La Decisione della Corte e il Danno di Speciale Tenuità
La Corte di Cassazione, con l’ordinanza n. 35168/2024, ha dichiarato il ricorso inammissibile, ritenendolo manifestamente infondato. I giudici hanno sottolineato come gli argomenti proposti dalla difesa fossero in palese contrasto con l’orientamento consolidato della giurisprudenza di legittimità. La motivazione della sentenza impugnata è stata giudicata ampia, logica e giuridicamente corretta, smentendo così i vizi lamentati dal ricorrente.

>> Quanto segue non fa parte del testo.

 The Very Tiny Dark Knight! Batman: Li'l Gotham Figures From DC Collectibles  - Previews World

Il punto centrale della decisione risiede nel rapporto tra l’attenuante comune del danno di speciale tenuità e l’ipotesi attenuata del reato di ricettazione prevista dall’art. 648, comma 4, del codice penale, che punisce più lievemente i fatti di particolare tenuità. Secondo la Corte, le due norme non possono essere applicate contemporaneamente se la valutazione del danno è già stata utilizzata per qualificare il fatto come di ‘particolare tenuità’.
Le Motivazioni
La Corte ha spiegato in modo chiaro il principio dell’assorbimento. L’attenuante comune del danno patrimoniale di speciale tenuità (art. 62, n. 4 c.p.) è compatibile con la forma attenuata del delitto di ricettazione (art. 648, c. 4 c.p.) solo ed esclusivamente se la valutazione del danno è rimasta estranea al giudizio sulla particolare tenuità del fatto.
Nel caso di specie, invece, il valore esiguo del bene era già stato l’elemento determinante per far rientrare il reato nell’ipotesi più lieve. Di conseguenza, l’attenuante comune risulta ‘assorbita’ in quella speciale. Applicarla nuovamente significherebbe valutare due volte lo stesso elemento (il valore del danno) a favore dell’imputato, violando il principio del ne bis in idem sostanziale.

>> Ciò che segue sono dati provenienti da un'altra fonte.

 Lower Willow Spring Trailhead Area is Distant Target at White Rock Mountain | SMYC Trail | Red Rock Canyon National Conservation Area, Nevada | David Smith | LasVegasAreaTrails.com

In sostanza, la legge ha già previsto una pena più mite per la ricettazione di lieve entità, e questa previsione speciale prevale su quella generale. La condanna del ricorrente al pagamento delle spese processuali e di una somma in favore della Cassa delle ammende è stata la logica conseguenza della dichiarata inammissibilità del ricorso.
Le Conclusioni
Questa pronuncia ribadisce un principio fondamentale in materia di circostanze del reato: il criterio di specialità. Quando il legislatore ha previsto una specifica ipotesi attenuata per un reato, basandola su un determinato elemento (come il valore del danno nella ricettazione), l’attenuante comune basata sullo stesso identico elemento non può trovare ulteriore applicazione. La decisione serve da monito sulla necessità di formulare ricorsi basati su argomentazioni solide e conformi alla giurisprudenza consolidata, evitando di incorrere in una declaratoria di inammissibilità con conseguente condanna alle spese.
È possibile applicare l’attenuante del danno di speciale tenuità al reato di ricettazione?

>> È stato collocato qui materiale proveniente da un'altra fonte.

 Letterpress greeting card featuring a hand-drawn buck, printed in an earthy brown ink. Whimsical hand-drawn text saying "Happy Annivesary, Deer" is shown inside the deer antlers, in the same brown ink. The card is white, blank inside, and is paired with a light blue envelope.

Sì, ma solo nel caso in cui la valutazione del danno patrimoniale non sia già stata utilizzata per configurare l’ipotesi attenuata del reato di ricettazione per ‘particolare tenuità del fatto’ (art. 648, co. 4 c.p.).
Cosa significa che un’attenuante comune è ‘assorbita’ da una speciale?
Significa che se la legge prevede una circostanza attenuante specifica per un determinato reato (speciale), basata su un certo elemento (es. il valore del danno), l’attenuante generica (comune) basata sullo stesso elemento non può essere applicata, perché il suo valore è già stato considerato dalla norma speciale.
Qual è stata la decisione finale della Corte di Cassazione nel caso specifico e perché?
La Corte ha dichiarato il ricorso inammissibile. La motivazione è che la richiesta di applicare l’attenuante del danno di speciale tenuità era infondata, poiché tale circostanza era già stata ‘assorbita’ dalla norma che prevede una pena più lieve per la ricettazione di particolare tenuità, essendo il giudizio basato sullo stesso elemento del danno patrimoniale.